## Requirement
Please copy exactly the lines that run from the start of the entries to the line containing "Elliot House Aw2", inclusive.

━━ Exercise materials ━━

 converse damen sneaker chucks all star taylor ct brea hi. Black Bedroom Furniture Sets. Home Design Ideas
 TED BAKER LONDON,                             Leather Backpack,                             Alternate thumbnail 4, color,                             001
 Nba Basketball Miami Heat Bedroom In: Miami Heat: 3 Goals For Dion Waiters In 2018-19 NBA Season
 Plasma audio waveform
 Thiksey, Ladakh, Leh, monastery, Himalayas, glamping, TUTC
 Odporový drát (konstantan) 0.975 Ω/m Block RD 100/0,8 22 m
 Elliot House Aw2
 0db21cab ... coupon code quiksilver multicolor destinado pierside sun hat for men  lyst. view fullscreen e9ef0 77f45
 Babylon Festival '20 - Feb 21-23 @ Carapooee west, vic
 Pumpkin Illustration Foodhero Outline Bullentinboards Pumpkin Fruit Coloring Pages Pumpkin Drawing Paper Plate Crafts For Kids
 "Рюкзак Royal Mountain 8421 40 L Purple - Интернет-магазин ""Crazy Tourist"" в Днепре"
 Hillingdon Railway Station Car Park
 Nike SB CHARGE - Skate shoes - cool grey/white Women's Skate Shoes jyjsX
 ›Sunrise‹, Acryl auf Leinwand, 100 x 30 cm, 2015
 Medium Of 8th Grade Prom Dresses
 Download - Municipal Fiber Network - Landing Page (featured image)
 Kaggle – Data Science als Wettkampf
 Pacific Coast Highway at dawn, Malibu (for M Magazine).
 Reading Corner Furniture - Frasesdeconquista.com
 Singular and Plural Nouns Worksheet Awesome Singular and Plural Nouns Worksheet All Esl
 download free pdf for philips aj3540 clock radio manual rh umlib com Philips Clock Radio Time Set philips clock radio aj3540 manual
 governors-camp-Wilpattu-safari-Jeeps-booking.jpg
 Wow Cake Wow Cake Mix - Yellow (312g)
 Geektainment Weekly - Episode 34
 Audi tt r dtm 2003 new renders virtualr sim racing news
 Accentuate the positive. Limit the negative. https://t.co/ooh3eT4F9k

━━━

## Answer area
 converse damen sneaker chucks all star taylor ct brea hi. Black Bedroom Furniture Sets. Home Design Ideas
 TED BAKER LONDON,                             Leather Backpack,                             Alternate thumbnail 4, color,                             001
 Nba Basketball Miami Heat Bedroom In: Miami Heat: 3 Goals For Dion Waiters In 2018-19 NBA Season
 Plasma audio waveform
 Thiksey, Ladakh, Leh, monastery, Himalayas, glamping, TUTC
 Odporový drát (konstantan) 0.975 Ω/m Block RD 100/0,8 22 m
 Elliot House Aw2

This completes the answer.